START RECORDS PROVIDED

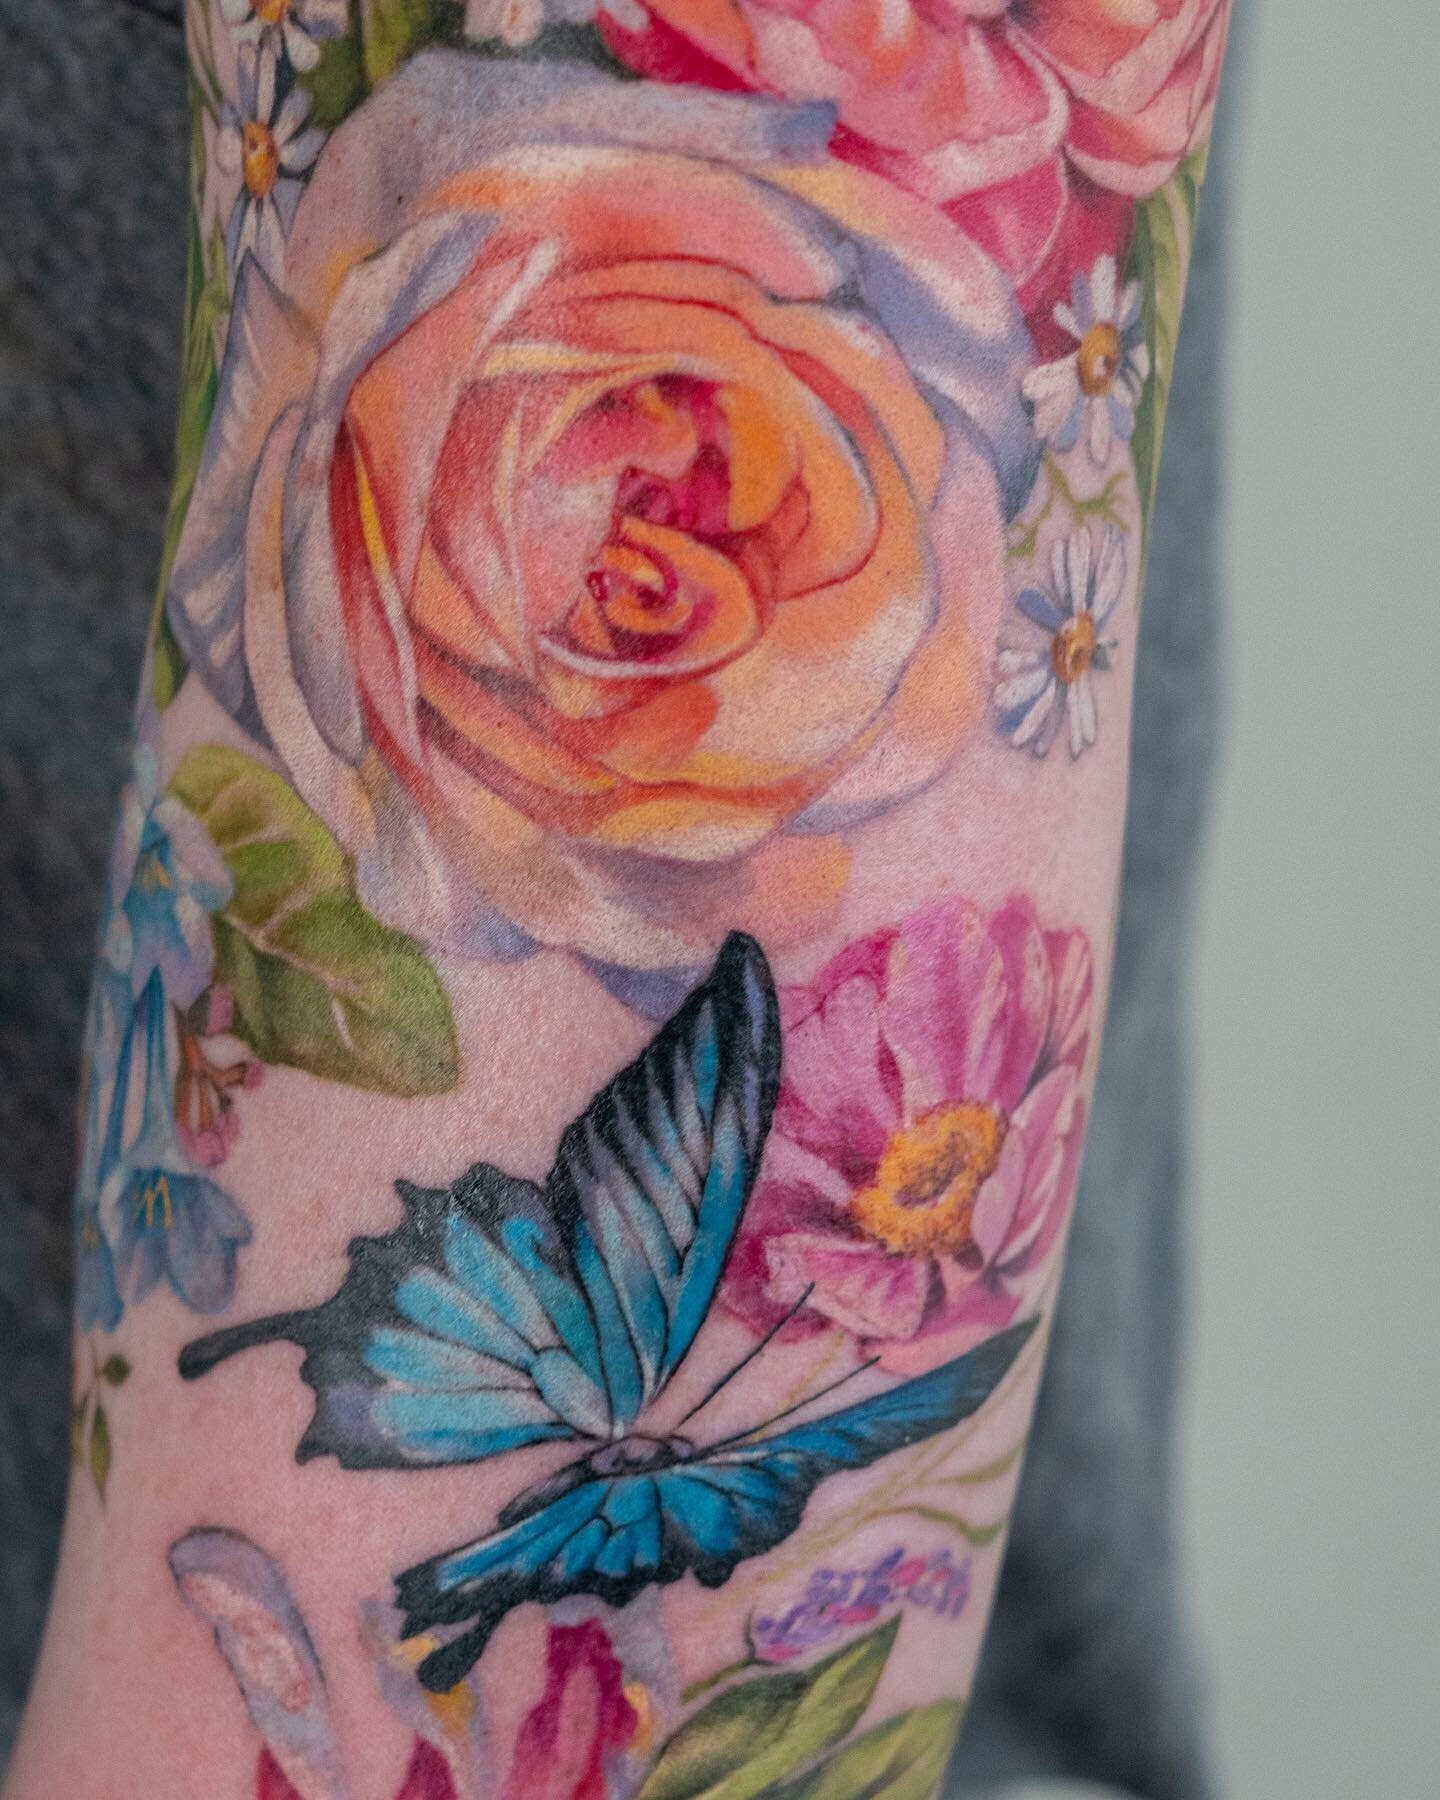 Part of the floral sleeve for Addison.
Can&rsquo;t wait to Finnish this project !
.
.
.
.
.
.
.
#florattattoo #botanicaltattoo #floralsleeve #rosetattoo #butterflytattoo #flowerstattoo #inked #tattoooftheday #botanicalart #tattooideas #sleevetattoo #
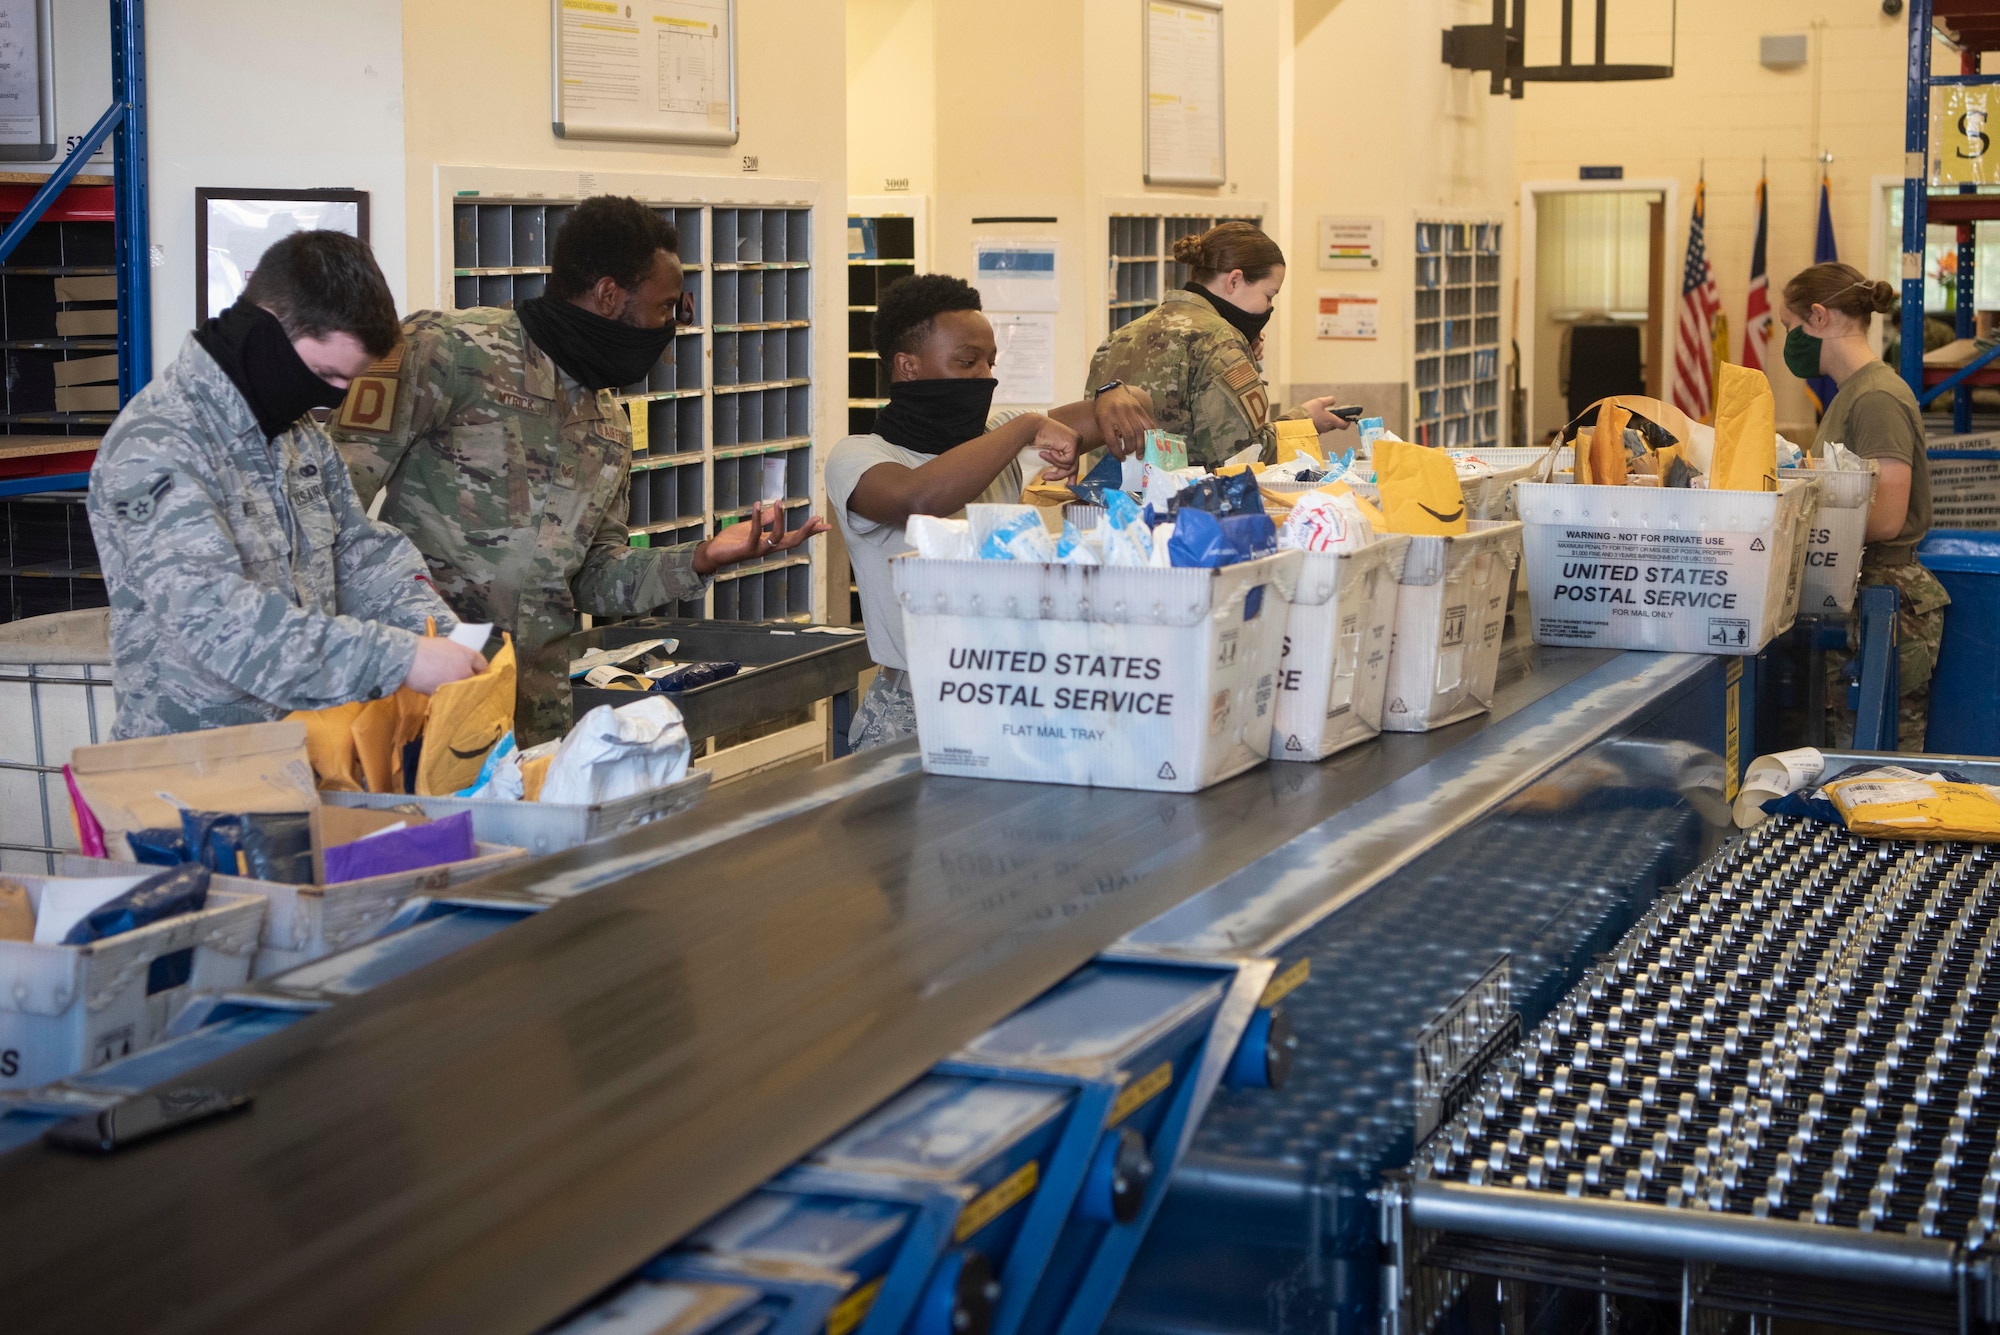 Postal clerk Airmen inventory packages at the post office at RAF Mildenhall, England, May 19, 2020. Newly arrived packages are in-processed to ensure accountability of mail and alert customers to when their order has arrived. (U.S. Air Force photo by Airman 1st Class Joseph Barron)
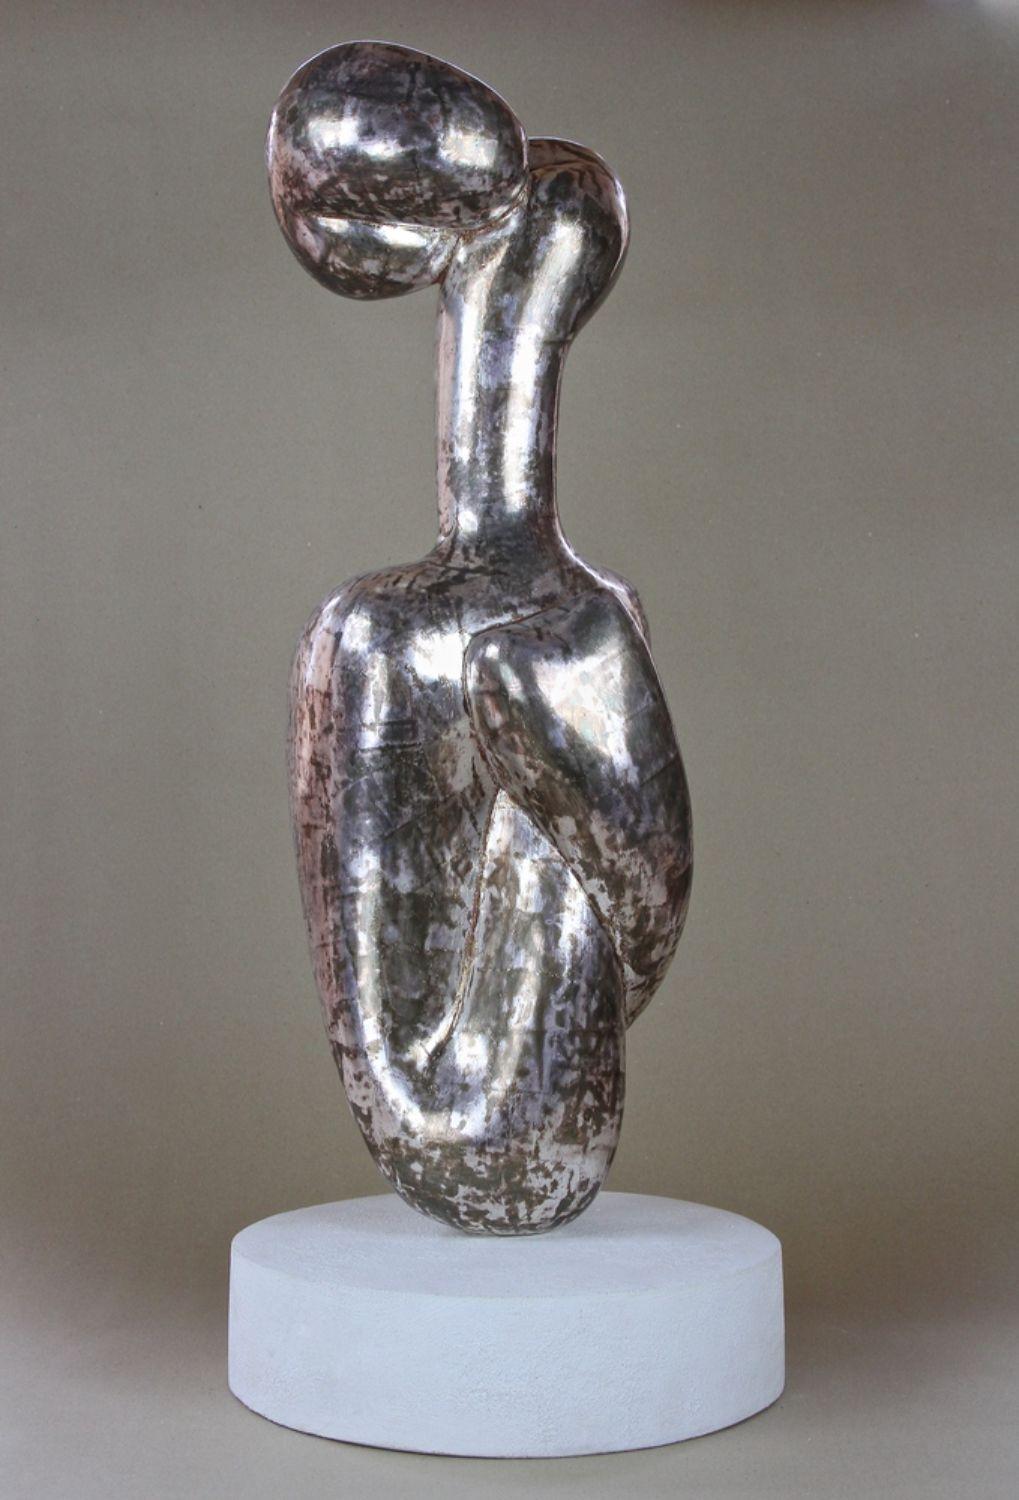 Abstract Contemporary Silvered Sculpture by M. Treml, Handcarved, Austria 2018 For Sale 8

END RECORDS PROVIDED

* TASK REQUIREMENTS *
Please retype exactly the lines from the one containing "#florattattoo #botanicaltattoo #floralsleeve" to the last line of the records above, both included, without any pictures.

* FINISHED EXERCISE *
#florattattoo #botanicaltattoo #floralsleeve #rosetattoo #butterflytattoo #flowerstattoo #inked #tattoooftheday #botanicalart #tattooideas #sleevetattoo #
 Postal clerk Airmen inventory packages at the post office at RAF Mildenhall, England, May 19, 2020. Newly arrived packages are in-processed to ensure accountability of mail and alert customers to when their order has arrived. (U.S. Air Force photo by Airman 1st Class Joseph Barron)
 Abstract Contemporary Silvered Sculpture by M. Treml, Handcarved, Austria 2018 For Sale 8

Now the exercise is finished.